- [What the task asks] Your copy should start at the line with "DSVGO EU-Datenschutzgrundverordnung Die" and end at the line with "Vet and nurse examining dog" in the data below. Transcribe only those lines, exactly, pictures excluded.

- [Material to process]
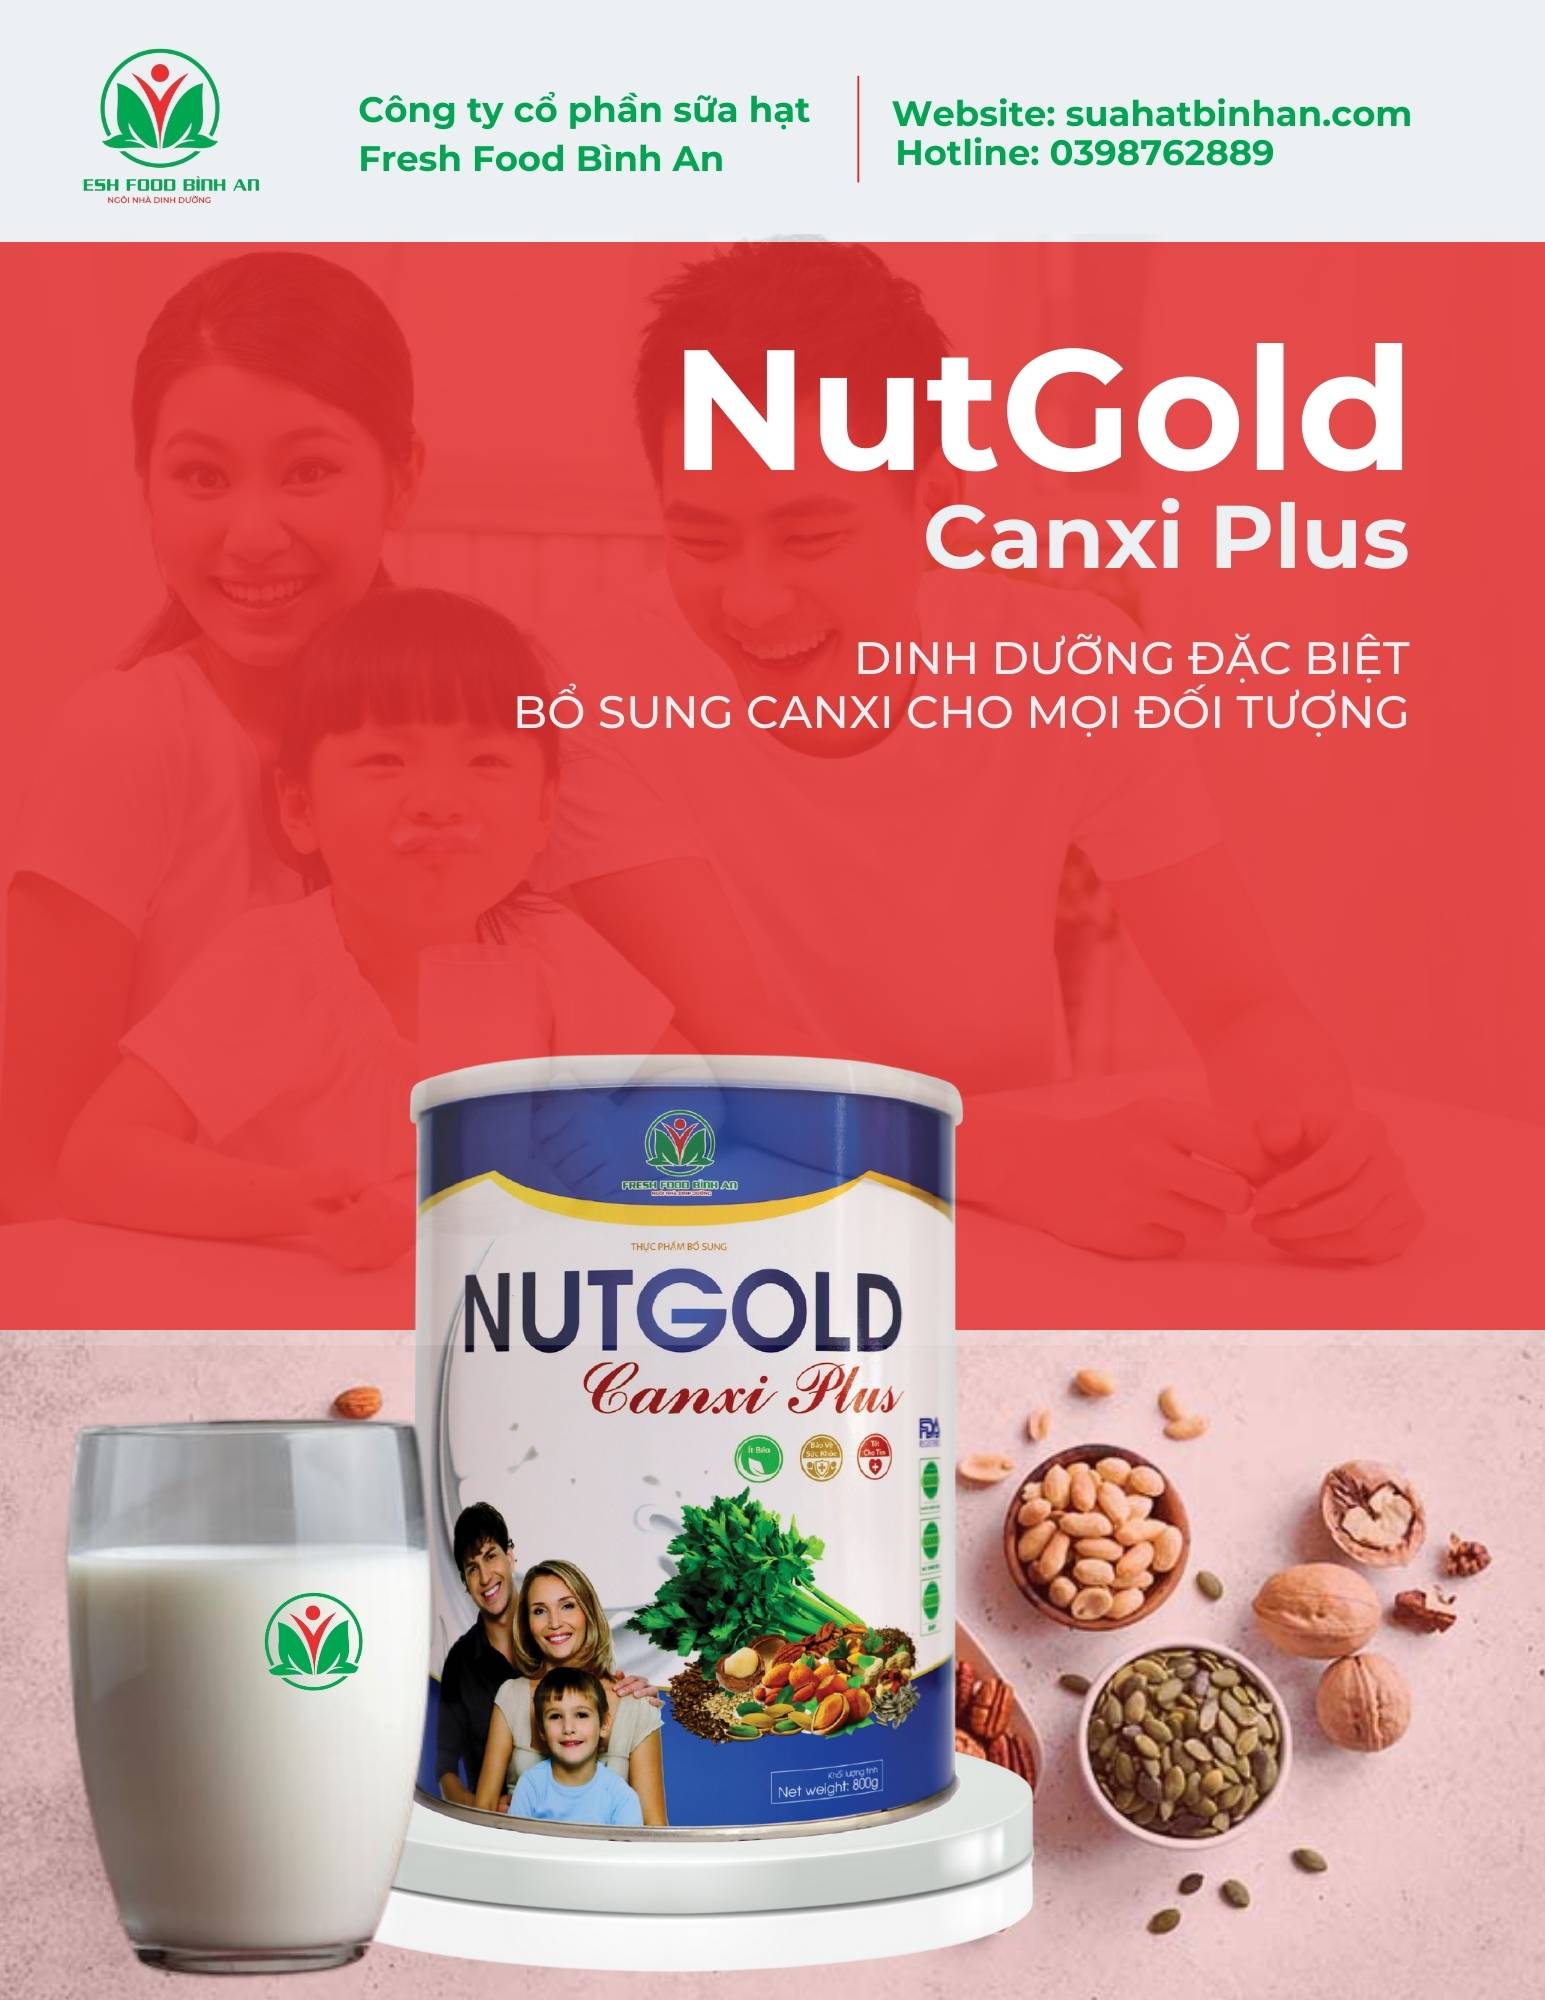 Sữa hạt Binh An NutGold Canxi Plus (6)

* * *

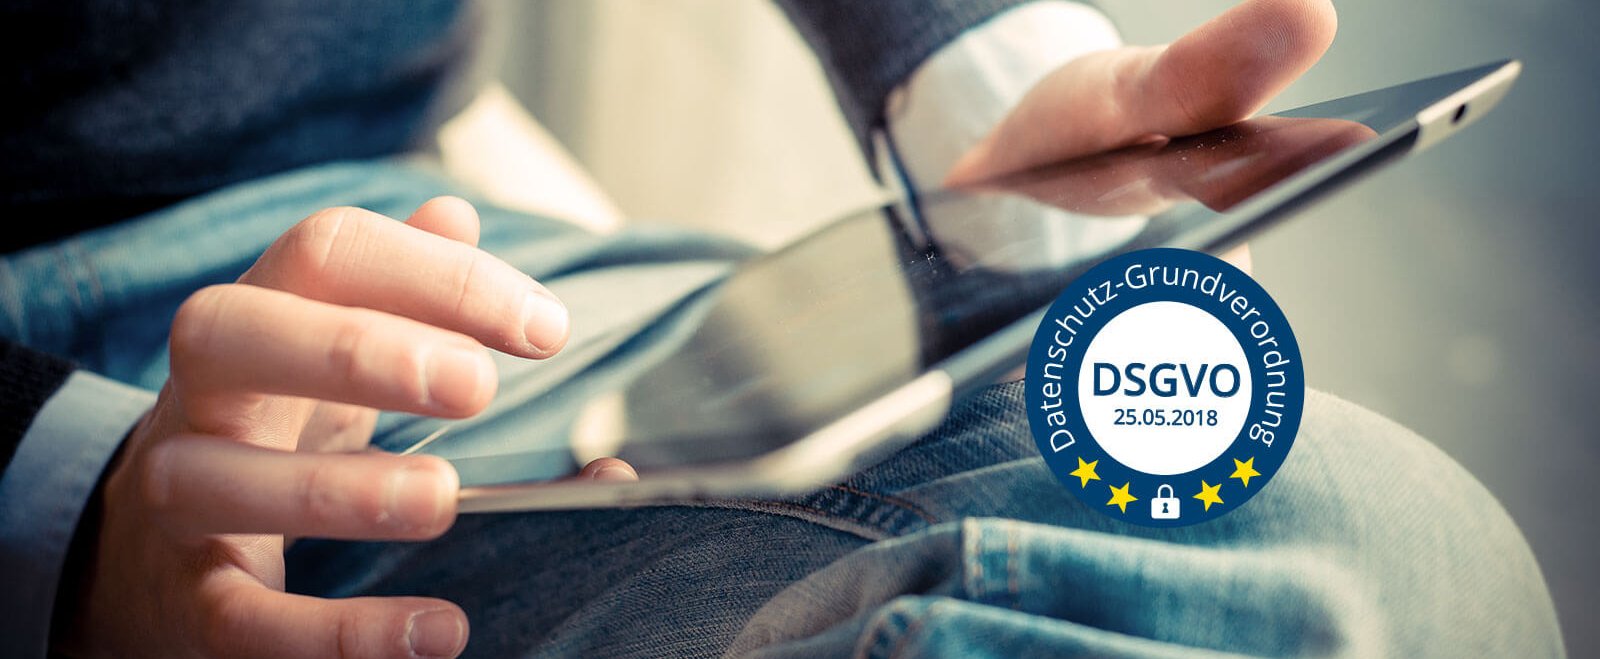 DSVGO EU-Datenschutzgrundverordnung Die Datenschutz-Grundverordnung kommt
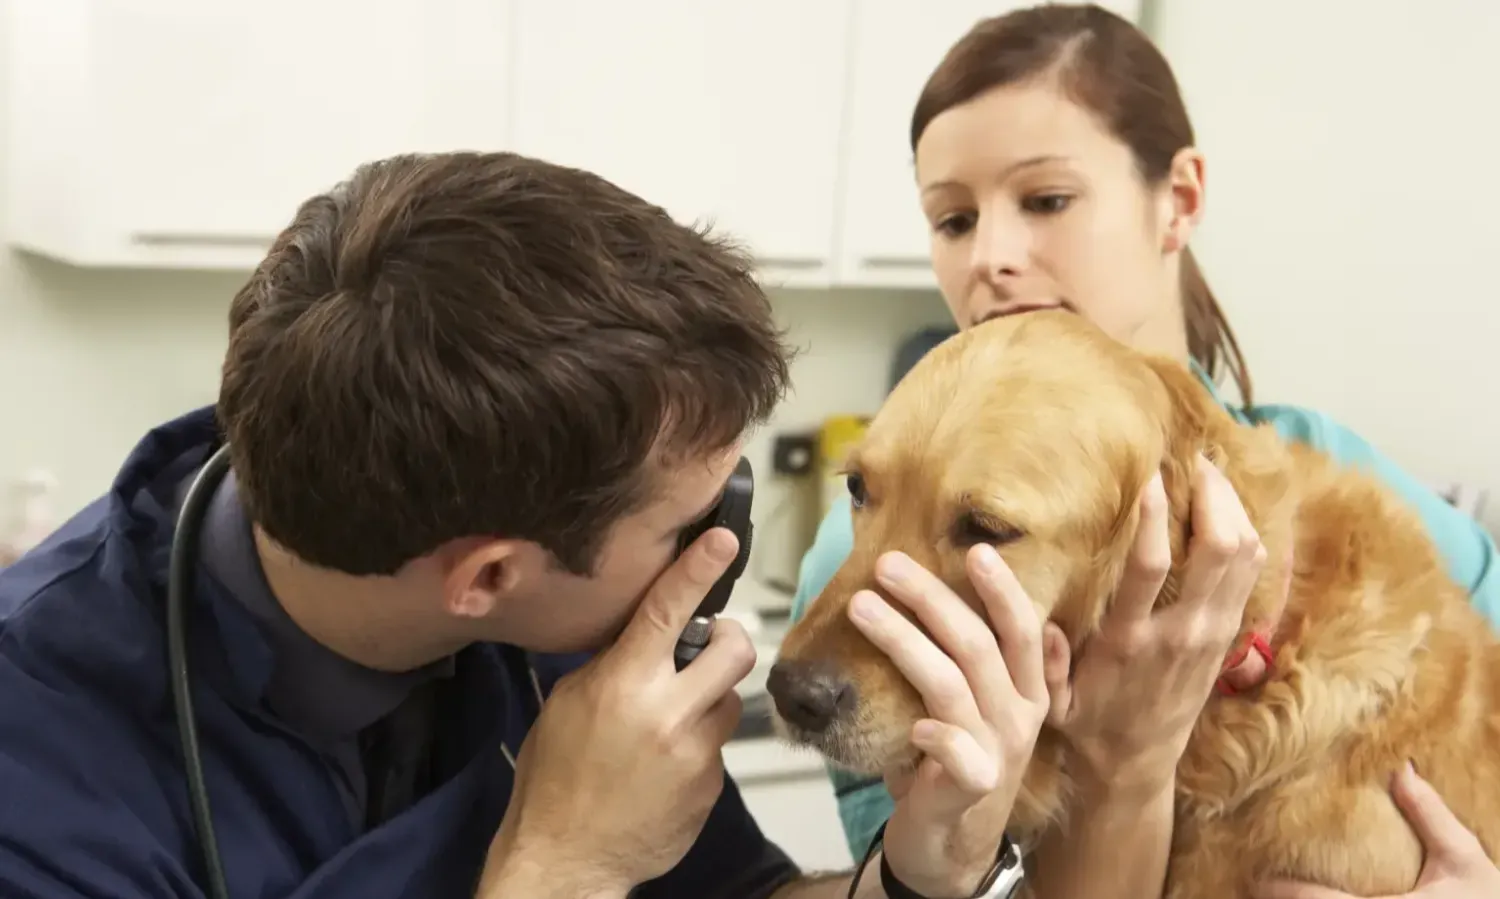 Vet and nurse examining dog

- [Solution for this task]
 DSVGO EU-Datenschutzgrundverordnung Die Datenschutz-Grundverordnung kommt
 Vet and nurse examining dog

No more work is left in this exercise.